Alpha Tests: CAPM Regression
The CAPM alpha test decomposes factor returns into two components: market exposure (β) and excess return beyond market (α). Only alpha matters: beta just tells you market risk.
A single significant result is weak evidence. Researchers have many degrees of freedom: what Gelman and Loken (2014) call the “garden of forking paths”: if you try enough specifications, one will appear significant by chance.
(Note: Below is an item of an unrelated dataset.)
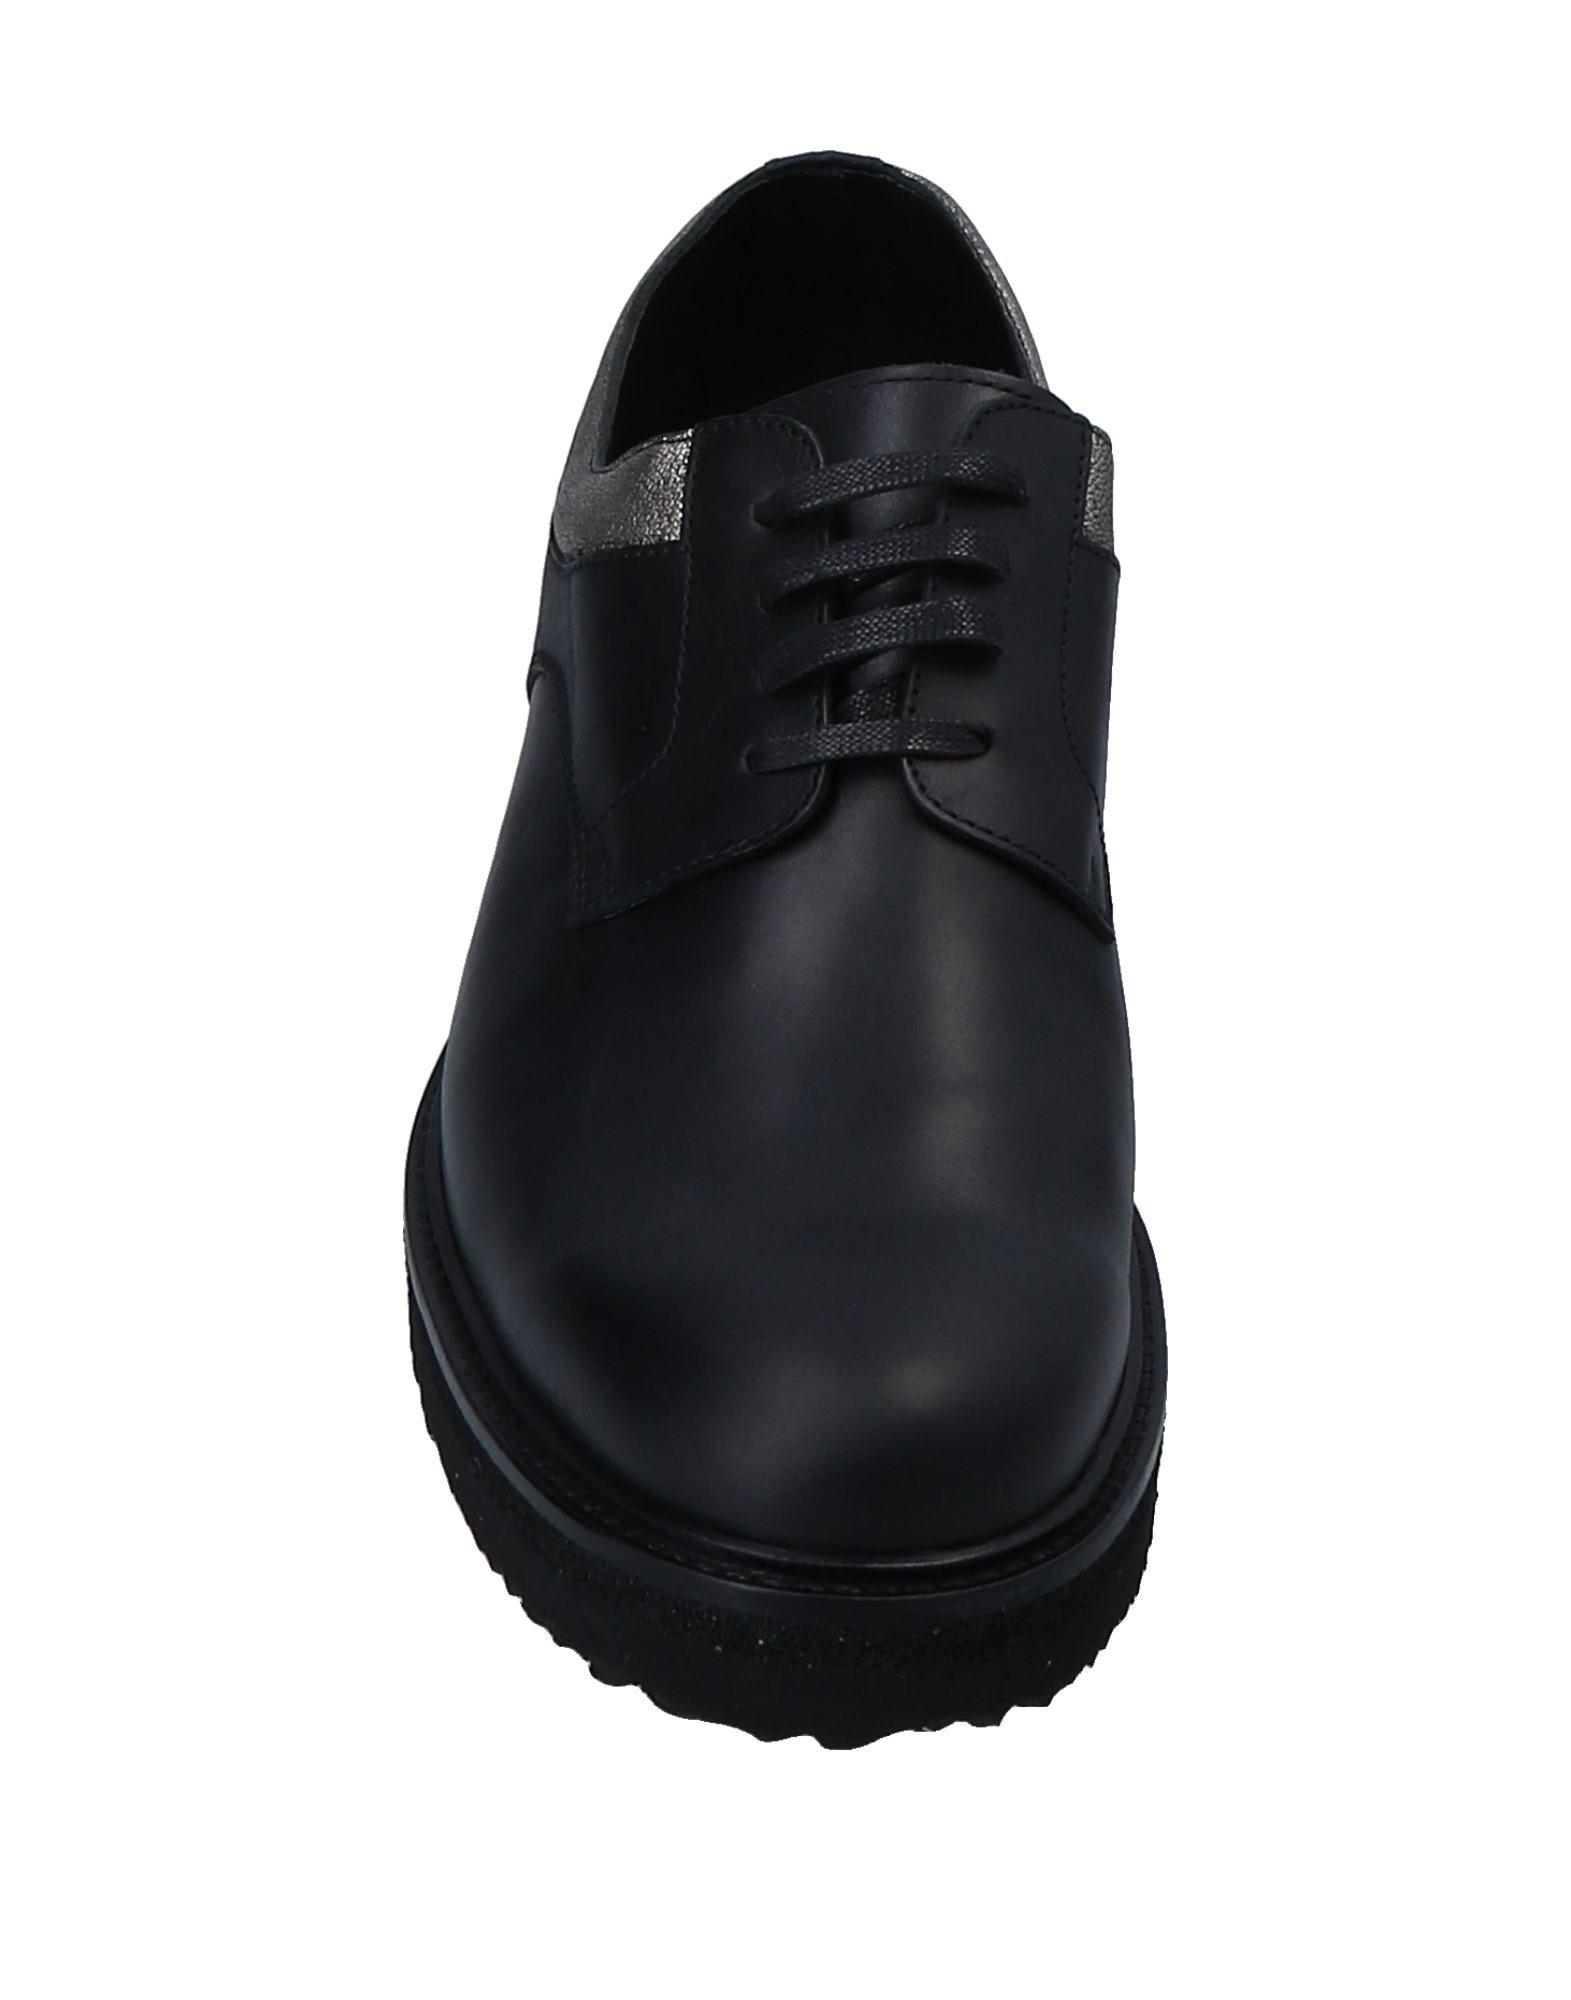 Stilvolle billige Schuhe Seboy's Schnürschuhe 11556877CI Damen  11556877CI Schnürschuhe d4104f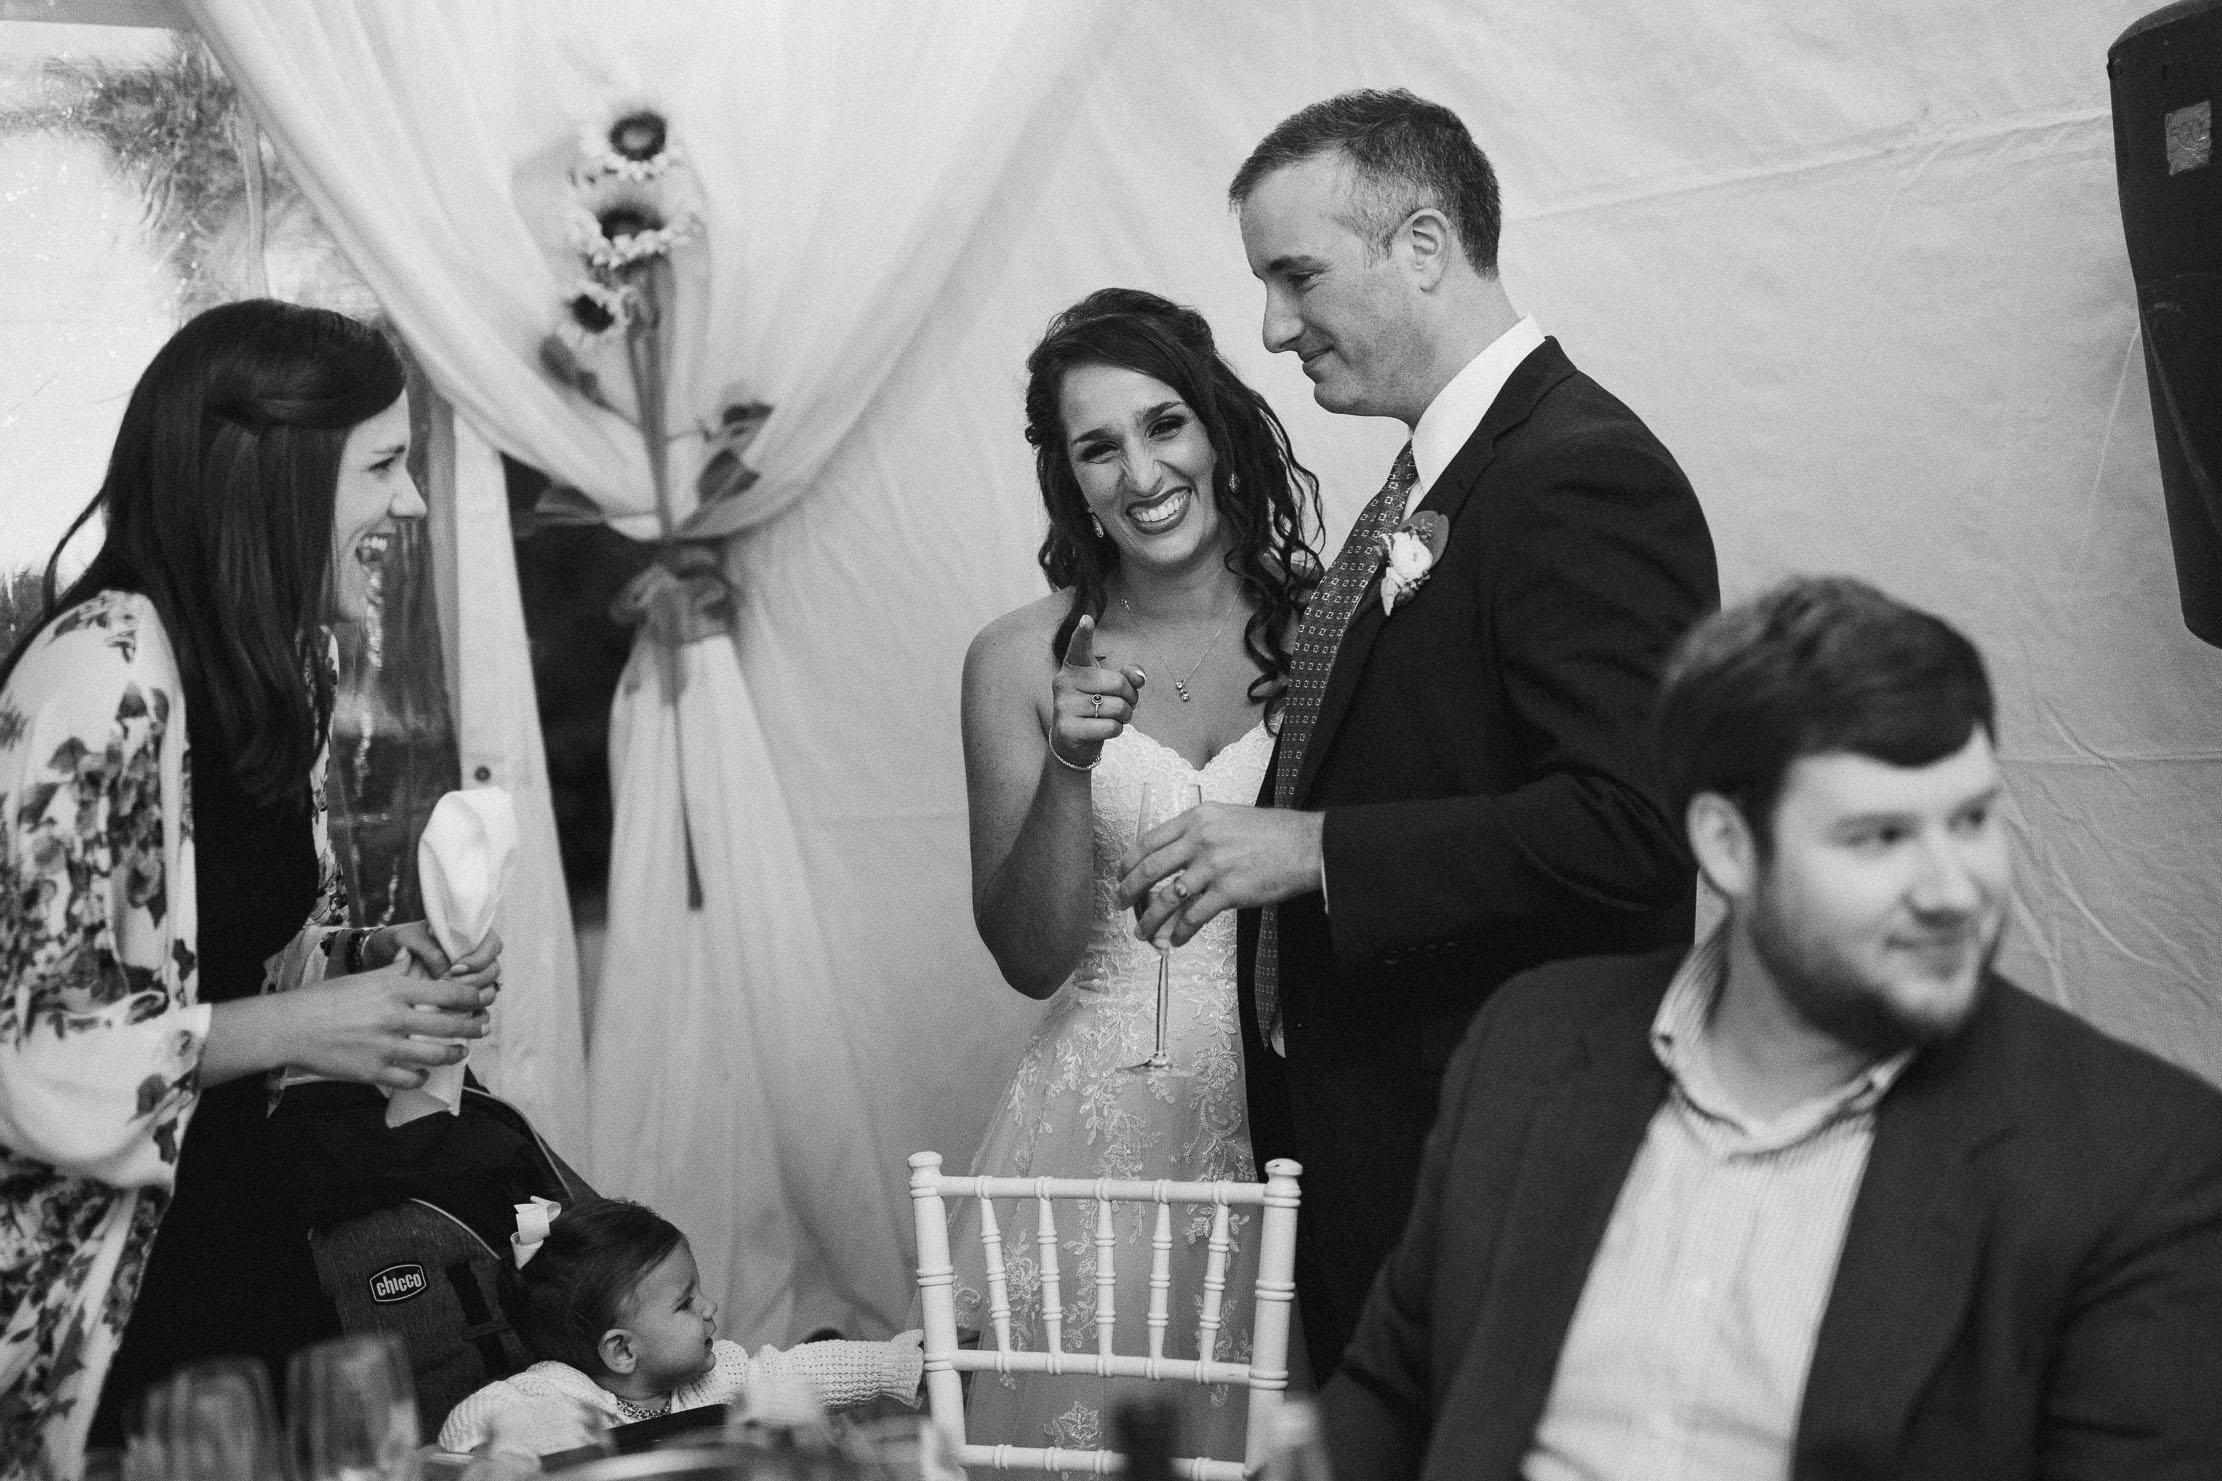 Wings-Castle-Millbrook-NY-Upstate-Wedding-Photographer-1127.jpg

Robustness guards against false discoveries.
Robustness checks test if results hold under alternative specifications:
Sample split: Does factor work in first half AND second half? (minimum check)
Subperiod analysis: Does alpha remain positive in each decade?
Alternative construction: Tertiles vs. quintiles, value-weighted vs. equal-weighted?
Transaction costs: Is net alpha positive after 0.2-0.5% monthly costs?
Ethical Econometrics
Don’t cherry-pick checks that passed. If factor works 2000-2010 but not 2010-2020, report both. Selective reporting is a breach of research ethics: transparent, complete disclosure is fundamental to responsible empirical practice and is rewarded in the 35% Critical Analysis component.
Part III : Selection Bias and the Replication Crisis
The Multiple Testing Problem
This is the core problem creating the replication crisis. With 5% significance threshold, testing 100 hypotheses generates ~5 false positives even if all nulls are true.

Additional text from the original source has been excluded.